Toorbēsah, white radishes, are grown about the size of an egg, the tops are boiled and eaten as greens. Apples are good and common. Pears are very bad. The quinces and pomegranates are magnificent; the former especially are grown in Ispahan and are of great size and fragrance. They are sent with the Gourg-ab melons all over Persia as presents to grandees.

The bamiah, or lady’s finger, is little grown; it is a nasty slimy vegetable when cooked. Vegetable marrows are common; they generally have the seeds removed, and are filled with spiced and minced meat, and are boiled.
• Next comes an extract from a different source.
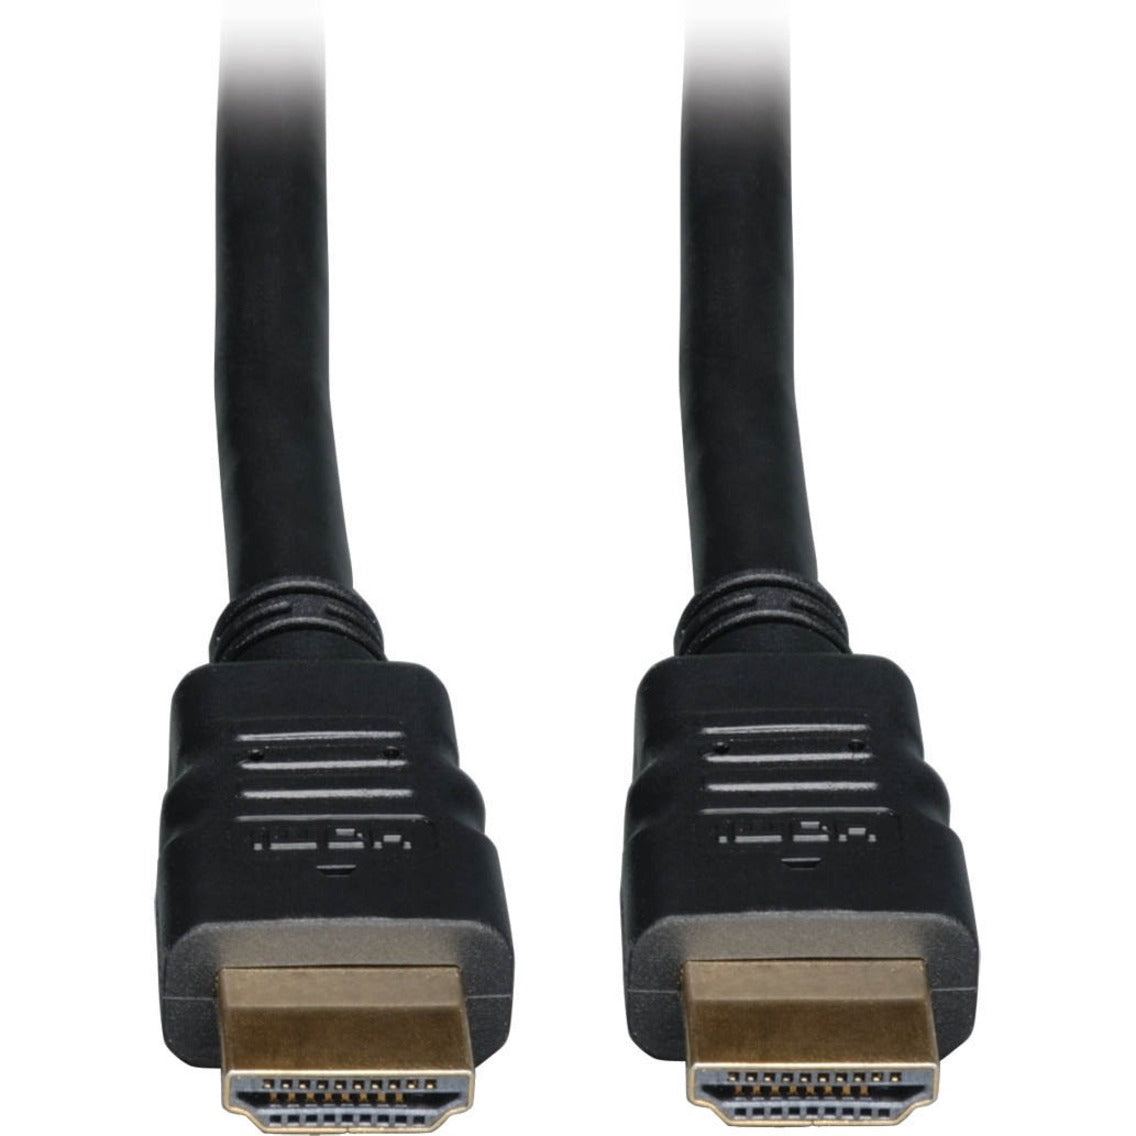 Tripp Lite P569-010-CL2 HDMI Audio/Video Cable with Ethernet, 10 ft, Molded, 18 Gbit/s, 4096 x 2160, Gold Plated

Gourds of many forms are found, and used as vessels for oil, etc. Walnuts and almonds are plentiful, also filberts. There are no chestnuts in the south.

Some thirty varieties of grape are raised; some are merely used for pickling, others for eating, and some only for wine-making. The best eating grapes are the Ascari. This is the first good grape to ripen; it is a smallish white grape, globular, bright golden colour, very delicious, and the skin, being very thin, is swallowed.
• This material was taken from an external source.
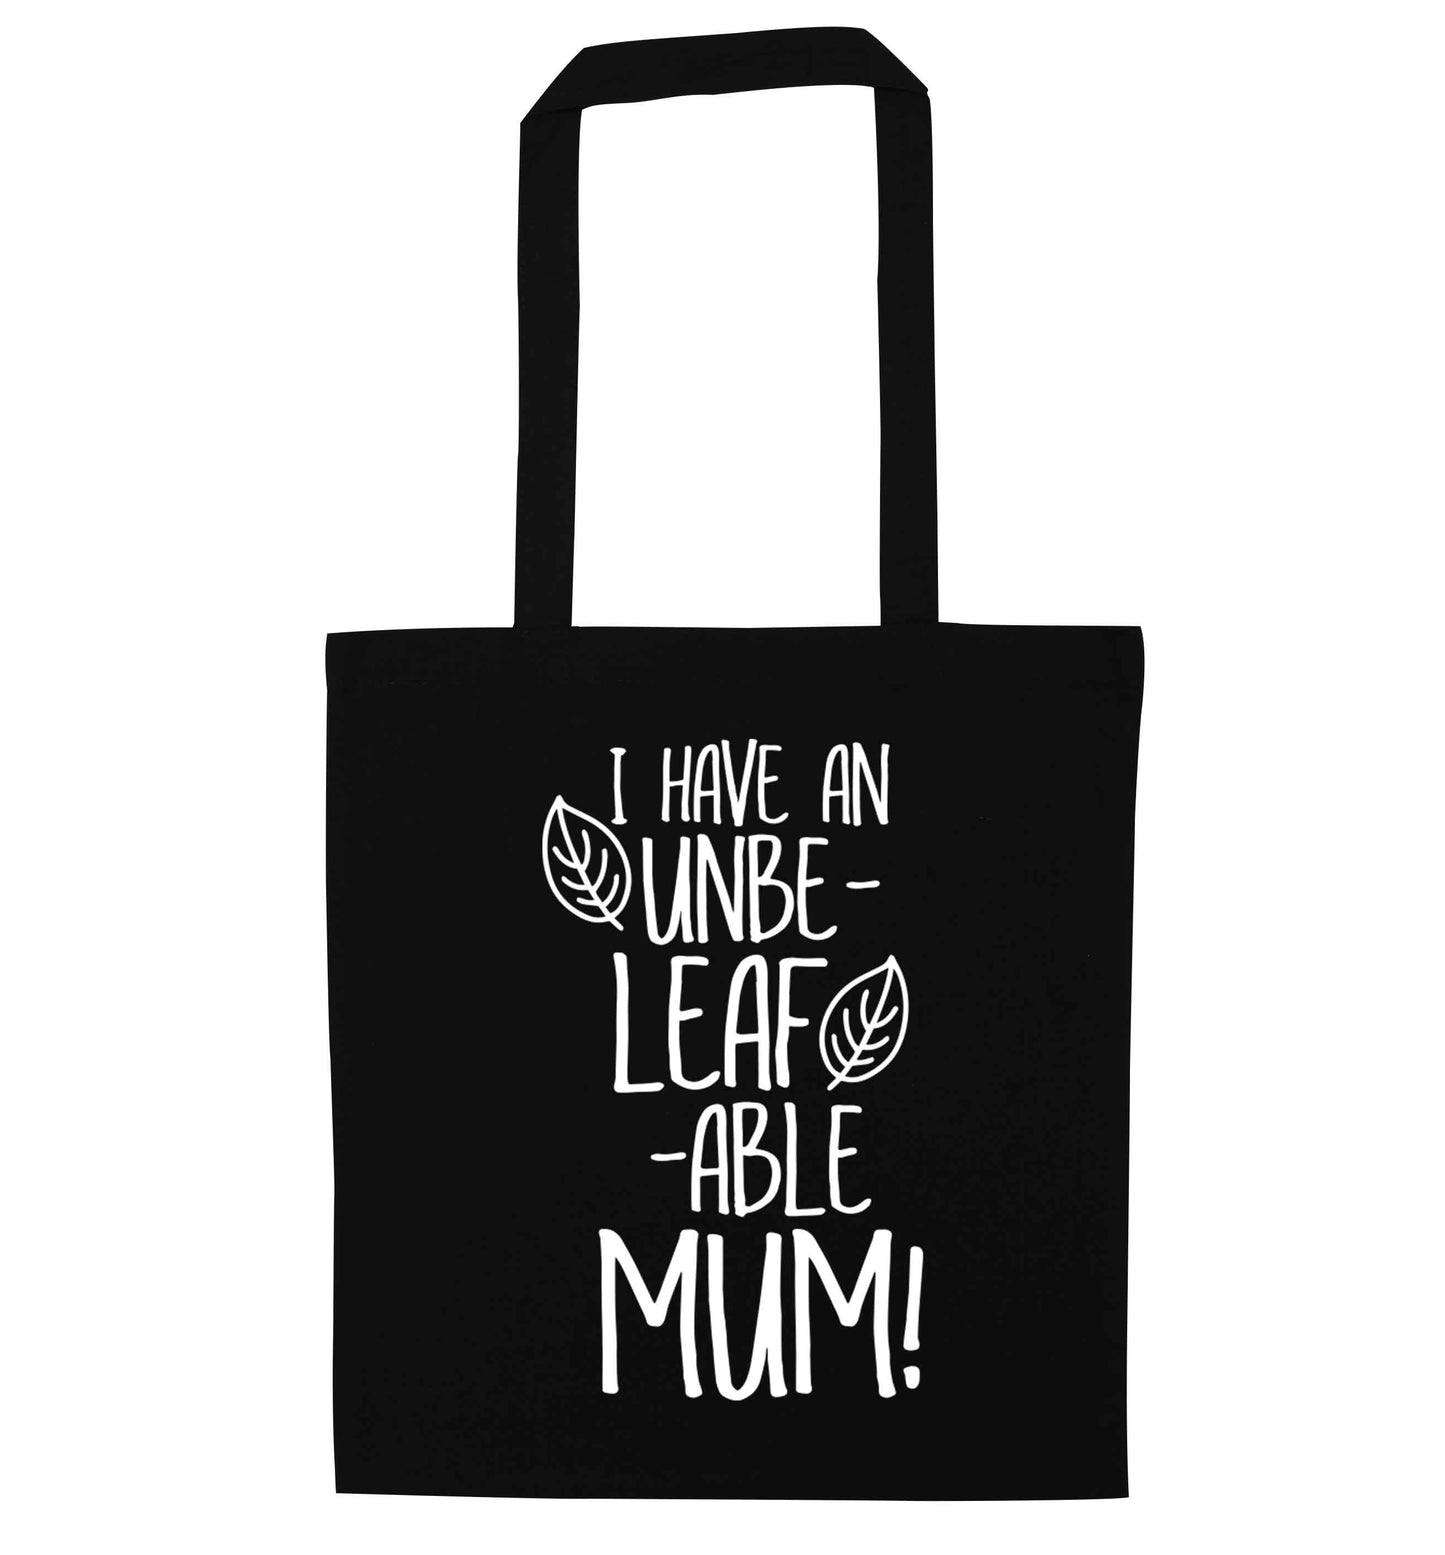 I have an unbeleafable mum! black tote bag

Kishmish, a delicious grape, of white elongated shape, also small, and very sweet, both eaten and used for wine-making. When dried this is the sultana raisin, stoneless, the skin very thin.

Riech-i-baba, or “old man’s beard,” a long white grape, very sweet and delicious in flavour. Some varieties of this have tiny stones, others large; they are both red and white. Some are two and a half inches long. The Persians, when the price of grapes is very low, and they are unable to dispose of them, boil them down to obtain the grape-sugar, which is sold all over Persia and eaten in lieu of sugar; it is called “sheera.”
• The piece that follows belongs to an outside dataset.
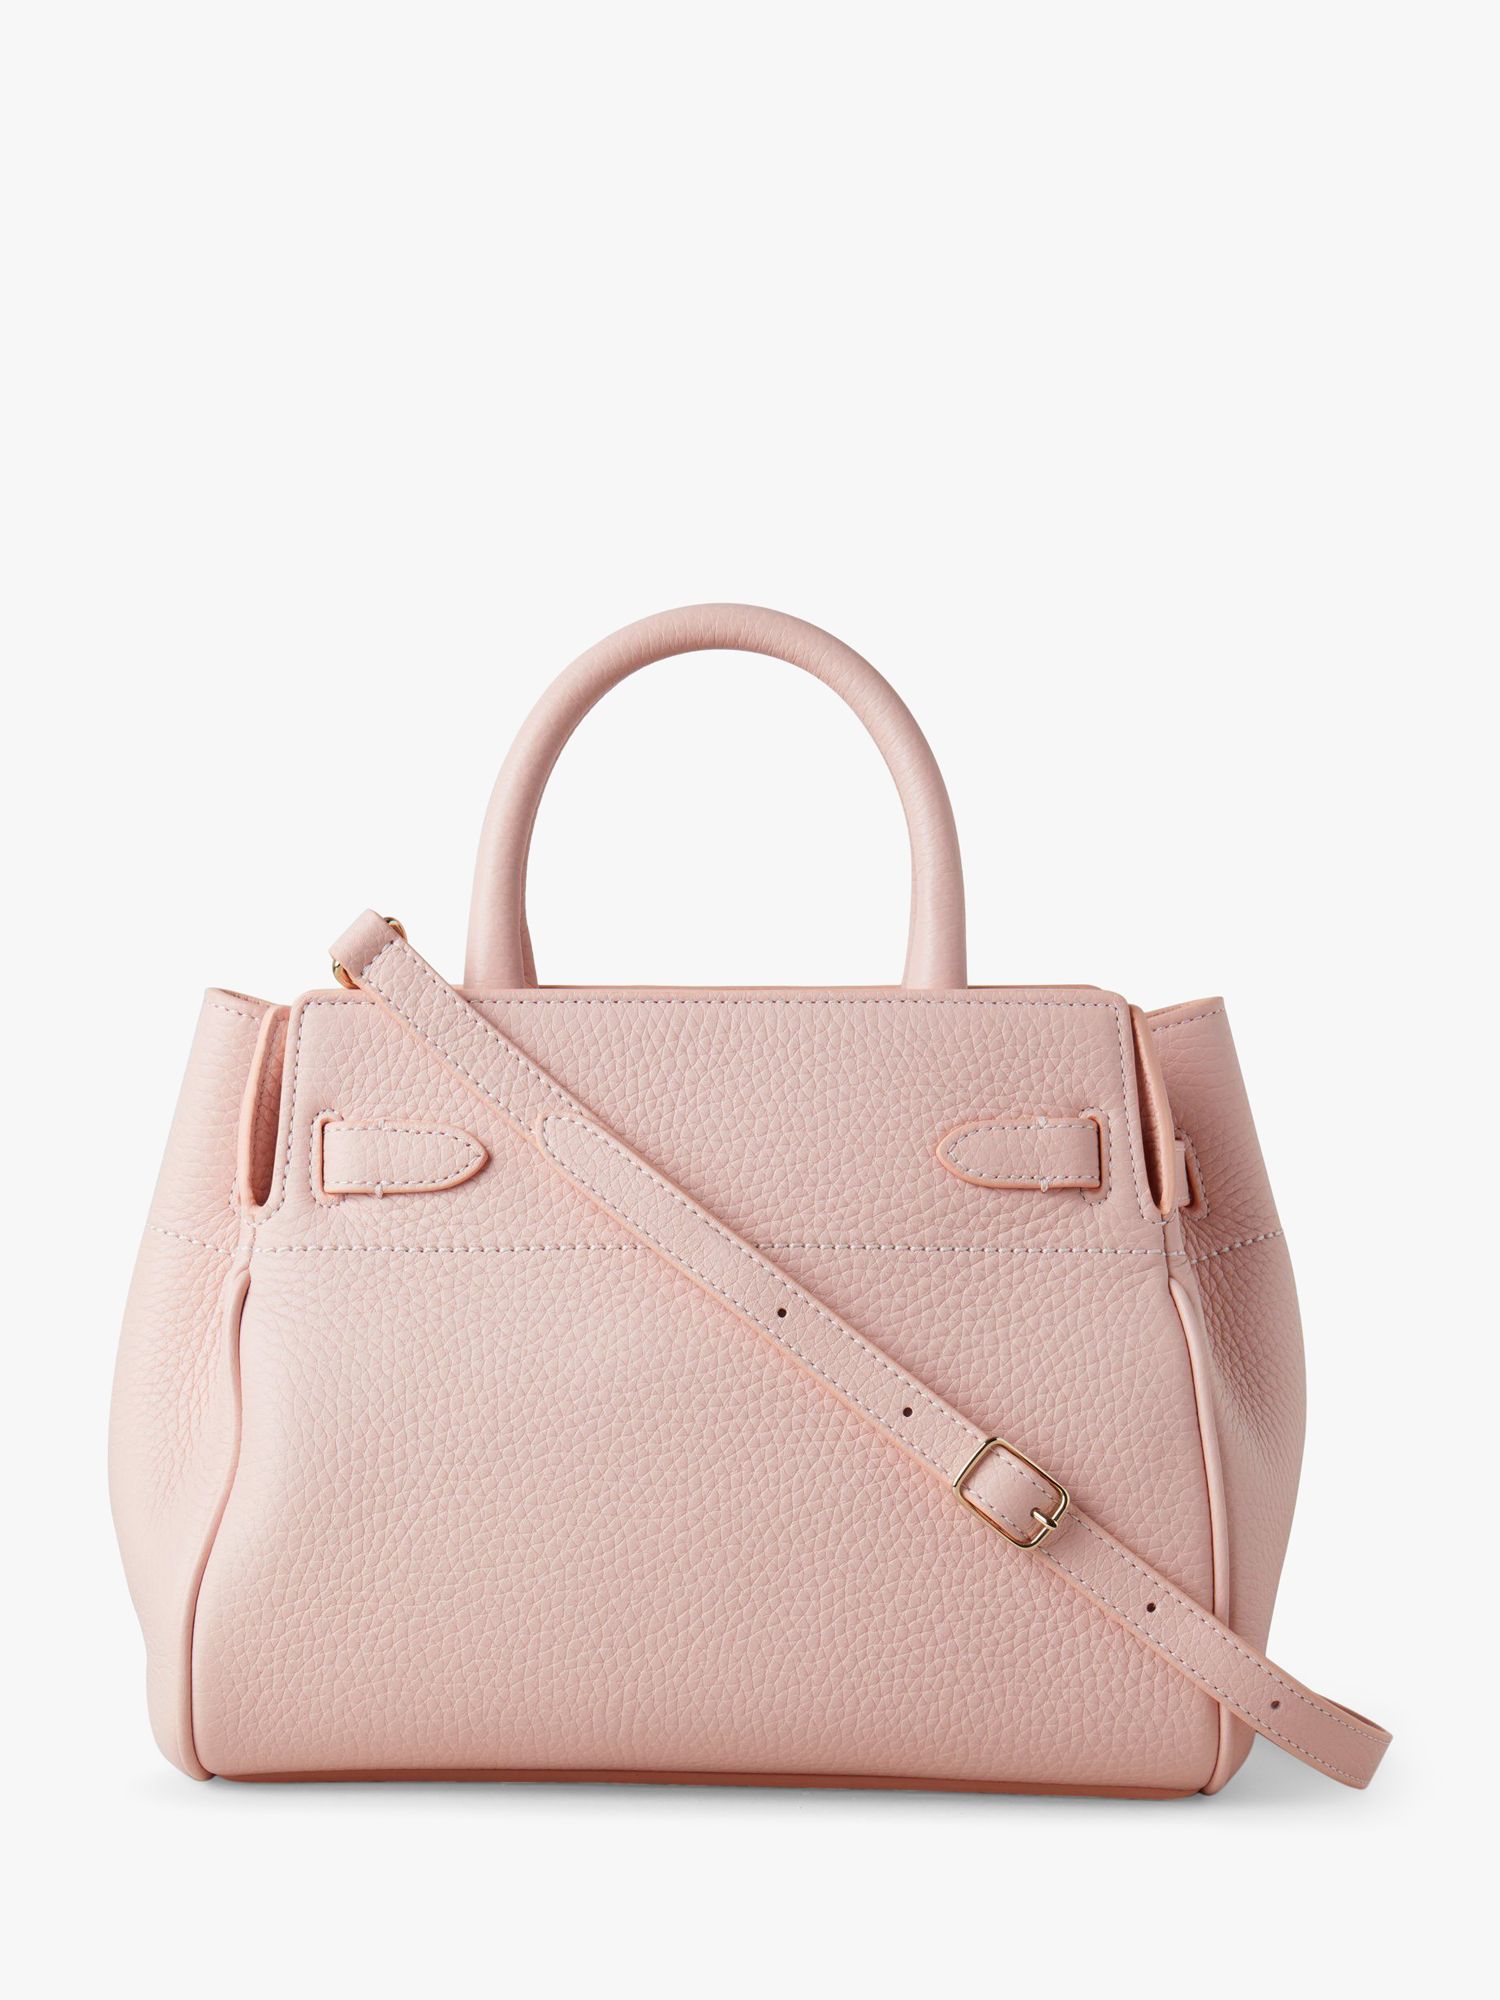 Mulberry Small Belted Bayswater Heavy Grain Leather Handbag, Icy Pink ...

With vinegar this forms circa-sheera, a sour-sweet liquid, in which various pickles are preserved, as grapes, apples, lemons.

I have mentioned that grapes are used in some places as horse-feed.

The variety in Persian pickles is infinite, from grapes, walnuts, almonds, peppers, onions, oranges, and lemons, green fruits, etc.; a long list of conserves are produced.

All the fruits grown in England are found in Persia, save only the currant, gooseberry, and raspberry.